Lagatar24 Desk
Kabul, Feb 9: Only five hospitals in Afghanistan continue to treat patients with Covid-19, with 33 others forced to close in recent months due to a lack of doctors, medicines, and even heat. This comes as the number of reported coronavirus cases in the economically stricken country has risen dramatically.
Due to a scarcity of fuel, personnel at Kabul’s only Covid-19 treatment hospital can only heat the building at night, even when winter temperatures drop below freezing during the day.
Patients are wrapped with thick blankets. Dr. Mohammed Gul Liwal, the organization’s director, stated that they require everything from oxygen to medical supplies.
The Covid-19 ward is almost always full as the Covid-19 cases rage. Before late January, the hospital was getting one or two new coronavirus patients a day. In the past two weeks, 10 to 12 new patients have been admitted daily.
“The situation is worsening day by day.
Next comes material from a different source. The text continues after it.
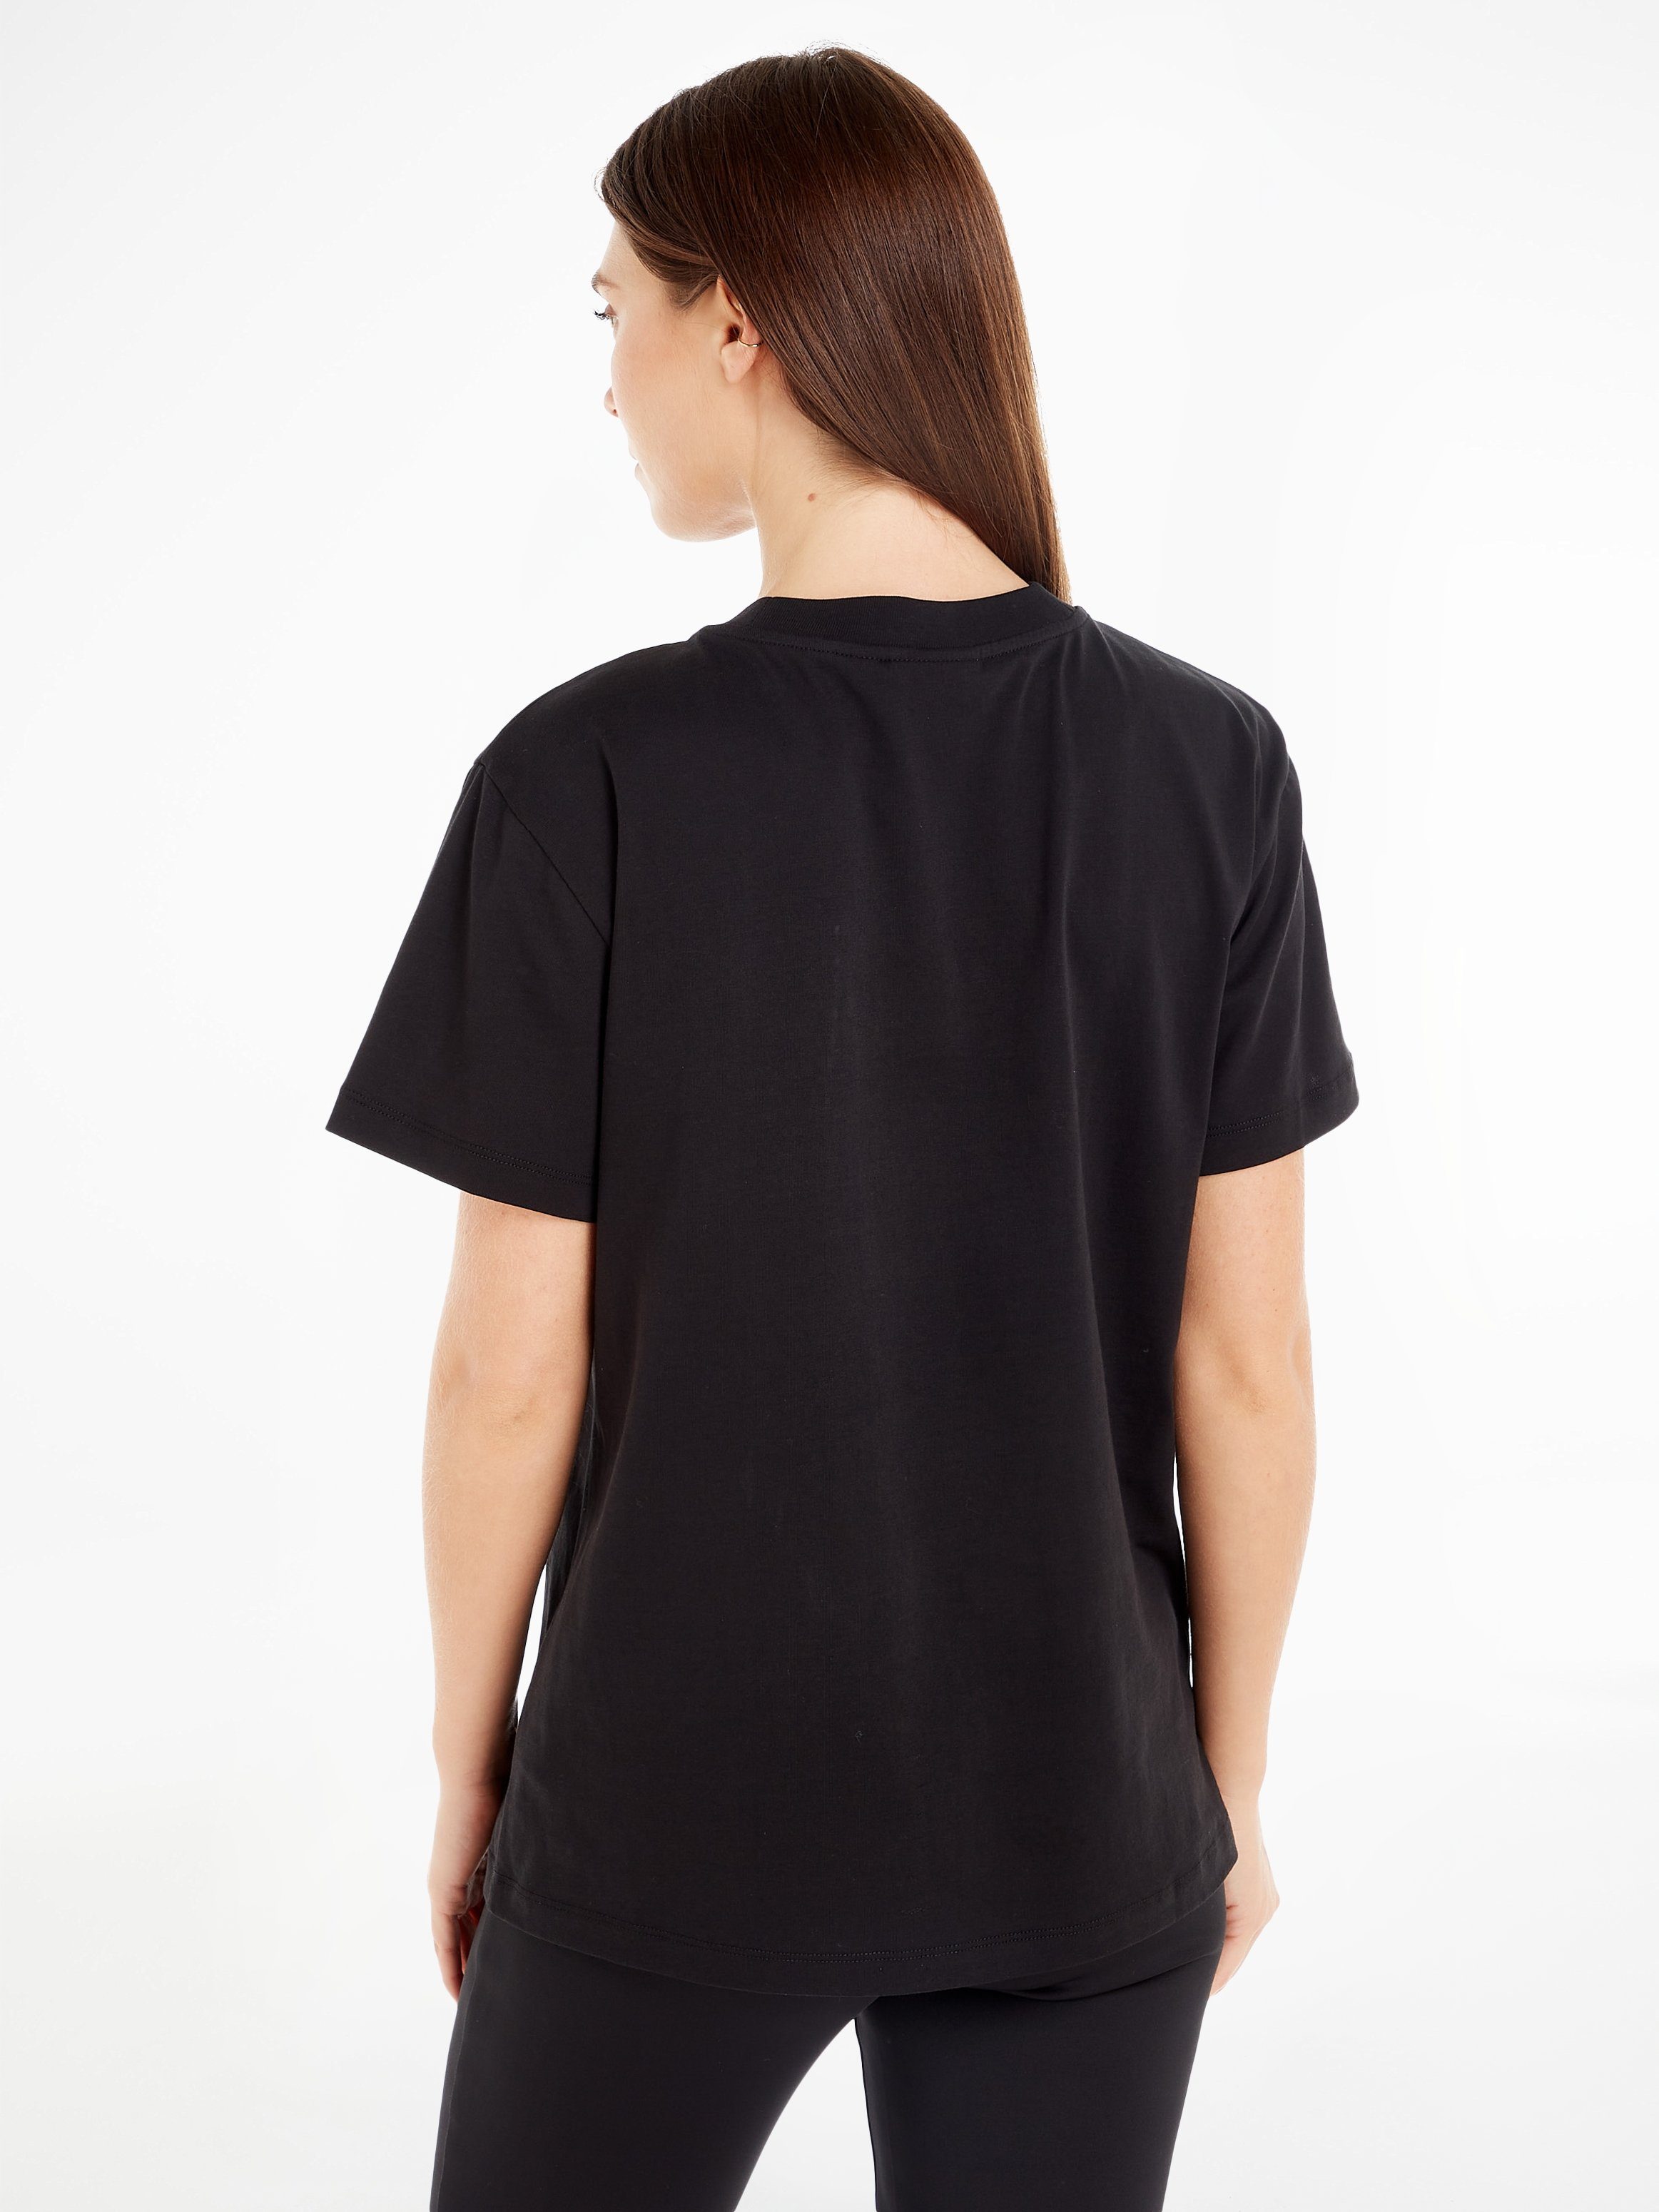 HERO schwarz Klein Shirt T-Shirt REGULAR LOGO Calvin

Since the Taliban takeover almost six months ago, hospital employees have received only one month’s salary, in December,” said Liwal.
Notably, Afghanistan’s health-care system, which has relied almost exclusively on international donor money for nearly two decades, has been destroyed since the Taliban seized power in August following the tumultuous end to the US-led 20-year mission. Afghanistan’s economy collapsed after foreign assets worth over $10 billion were blocked and financial aid to the government was mostly discontinued.
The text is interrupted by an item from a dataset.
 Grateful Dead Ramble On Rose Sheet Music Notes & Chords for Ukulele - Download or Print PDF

The country’s humanitarian crisis has been exacerbated by the breakdown of the health sector. Approximately 90% of the population lives in poverty, and at least a million children face famine as a result of their families’ inability to afford food.
The World Health Organisation now says the country will get the kits by the end of February.
“Between Jan 30 and Feb 5, public laboratories in Afghanistan tested 8,496 samples, of which nearly half were positive for Covid-19. Those numbers translate into a 47. 4% positivity rate,” said WHO.
As of Tuesday, the WHO recorded 7,442 deaths and close to 167,000 cases since the beginning of the pandemic almost two years ago.These low estimates are thought to be the result of substantial under-reporting in the absence of large-scale testing.